The GSA has published a white paper The Evolution to Narrow Band Internet of Things (available to registered users from gsa.com), saying: “NB-IoT will become one of the dominant 3GPP technologies to enable [IoT] market growth and will impact most, if not all, companies and markets over the next 10 to 15 years.”
It says a growing number of companies are actively working on IoT use cases in a range of verticals and anticipates the market to grow rapidly over the next five years based on several 3GPP technologies: enhancements for Machine Type Communications (eMTC), Narrow Band IoT (NB-IoT) and EC-GSM-IoT, which in combination with Power Saving Mode (PSM) and Extended Discontinuous Reception (e-DRX) makes GSM/EDGE markets prepared for IoT.
It notes that NB-IoT is being very actively promoted by the GSM Assocation (GSMA) which created the NB-IoT Forum in November 2015 and which now has an extensive membership: ARM, Bell Mobility, China Mobile, China Telecom, China Unicom, Deutsche Telekom, Etisalat, Ericsson, Huawei, Intel Corporation, KDDI Corporation, KT Corporation, LG Electronics, MediaTek, Mobileum, Nokia, NOS, NTT DOCOMO, Oberthur Technologies, Qualcomm, Sequans Communications, Safaricom, Sierra Wireless, SK Telecom, TDC A/S, Telecom Italia, Telefónica, Telit, Telstra, Turk Telekom, Two Degrees Mobile, u-blox, Verizon Wireless, Vodafone and ZTE Corporation.

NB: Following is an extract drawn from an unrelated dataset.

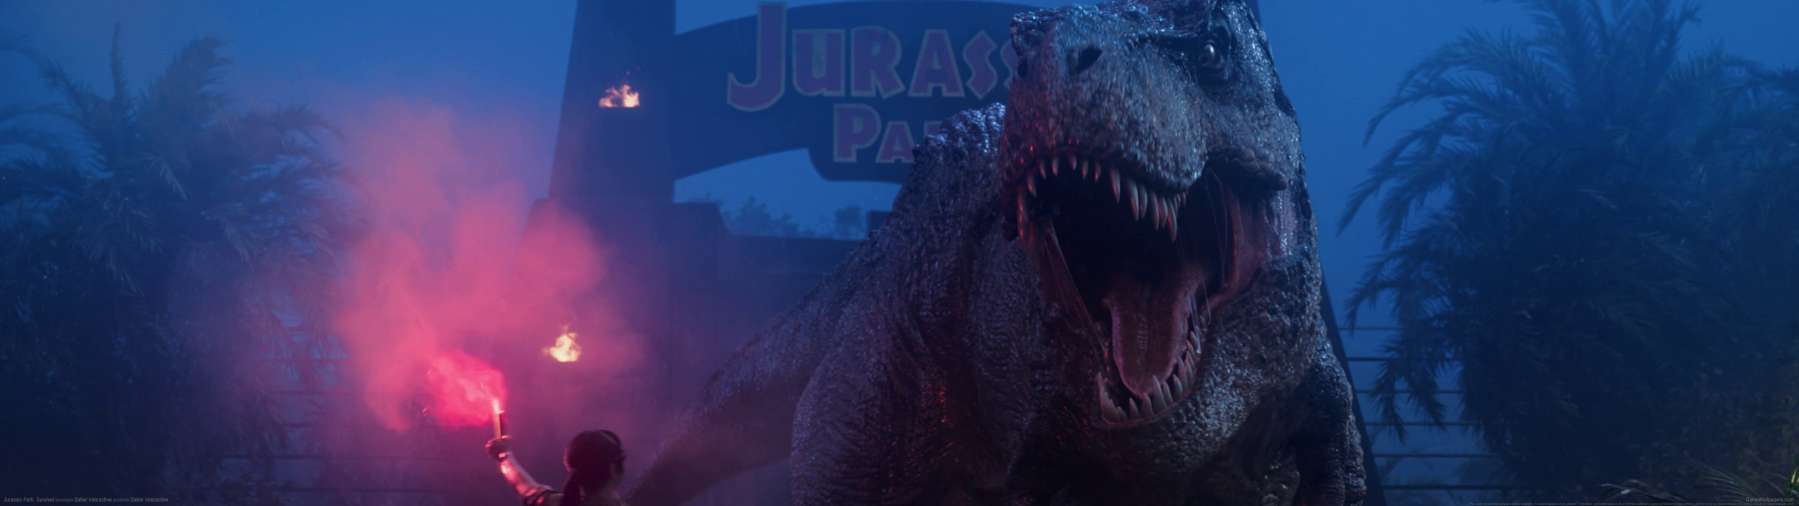 Jurassic Park: Survival wallpaper or background
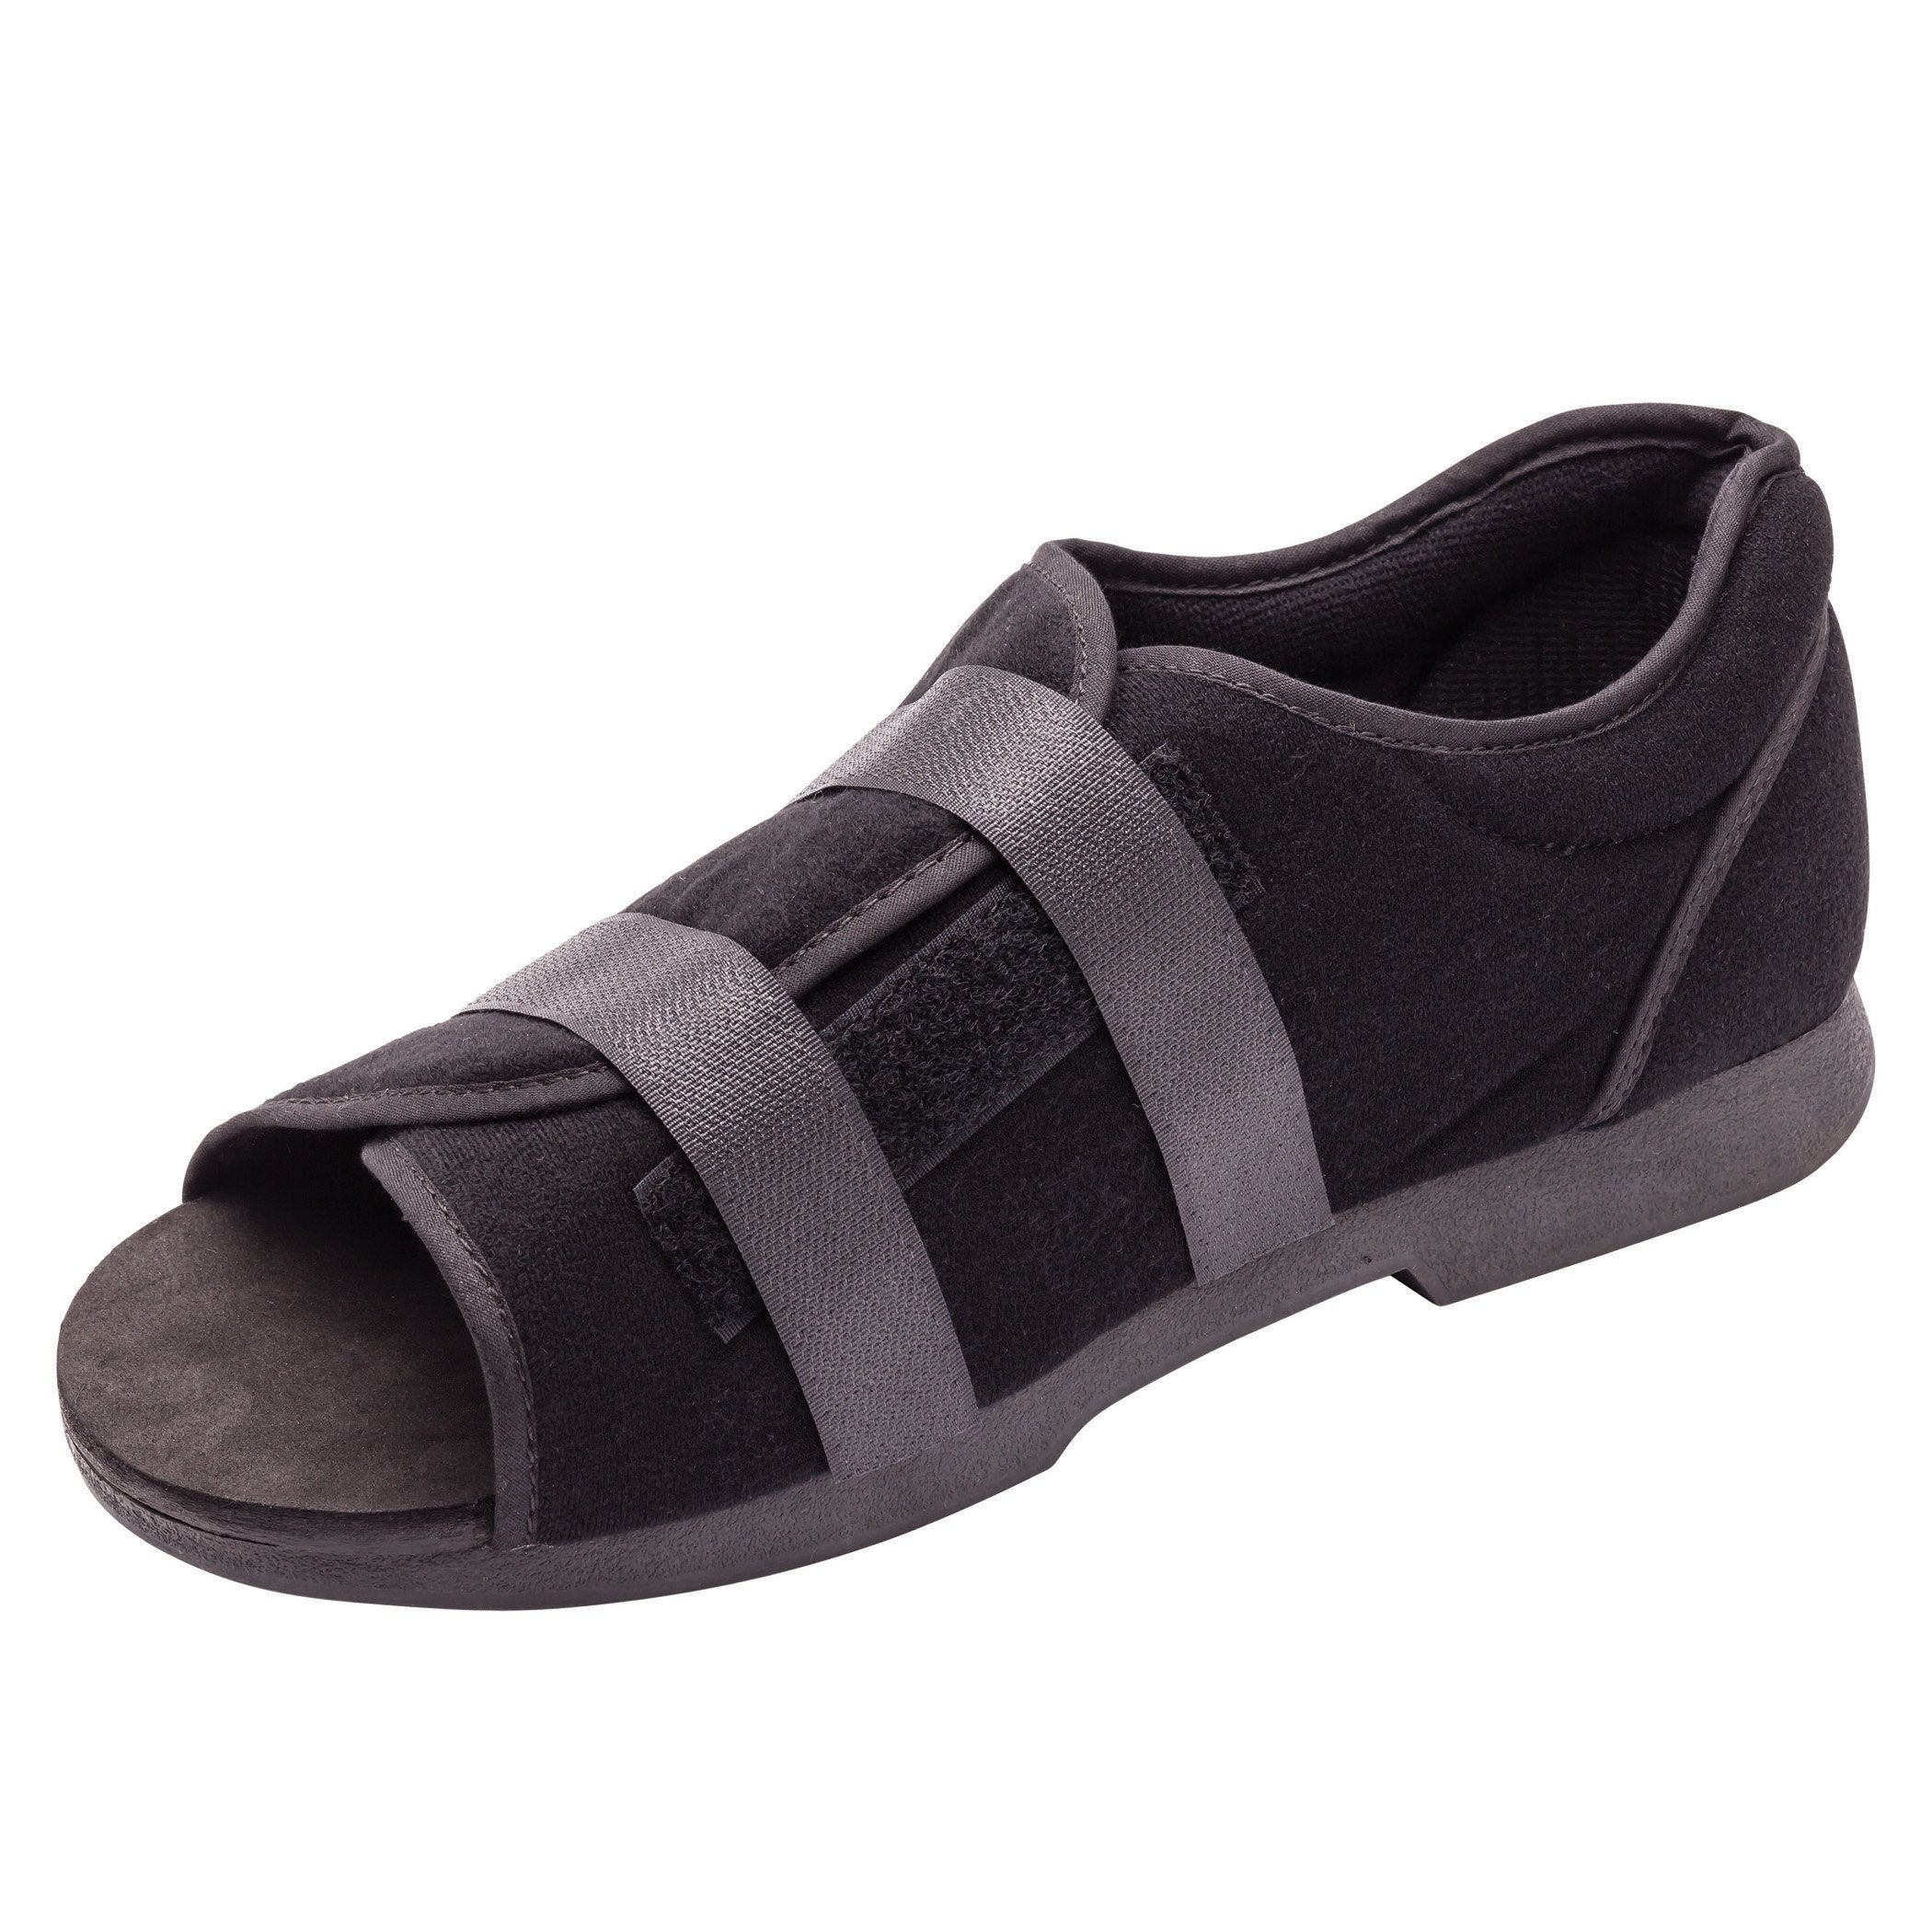 Soft Top Post-Op Shoe Össur® Small Adult Black

NB-IoT is part of 3GPP Release-13. The Release was frozen in March 2016 although the finalisation of NB-IoT has been extended due to the workload and should be completed later this month following the plenary meeting during the week of 13th June.
The white details numerous trials of NB-IoT underway around the world, suggests a number of initial use cases and provides a list of manufacturers producing NB-IoT chips, devices and modules.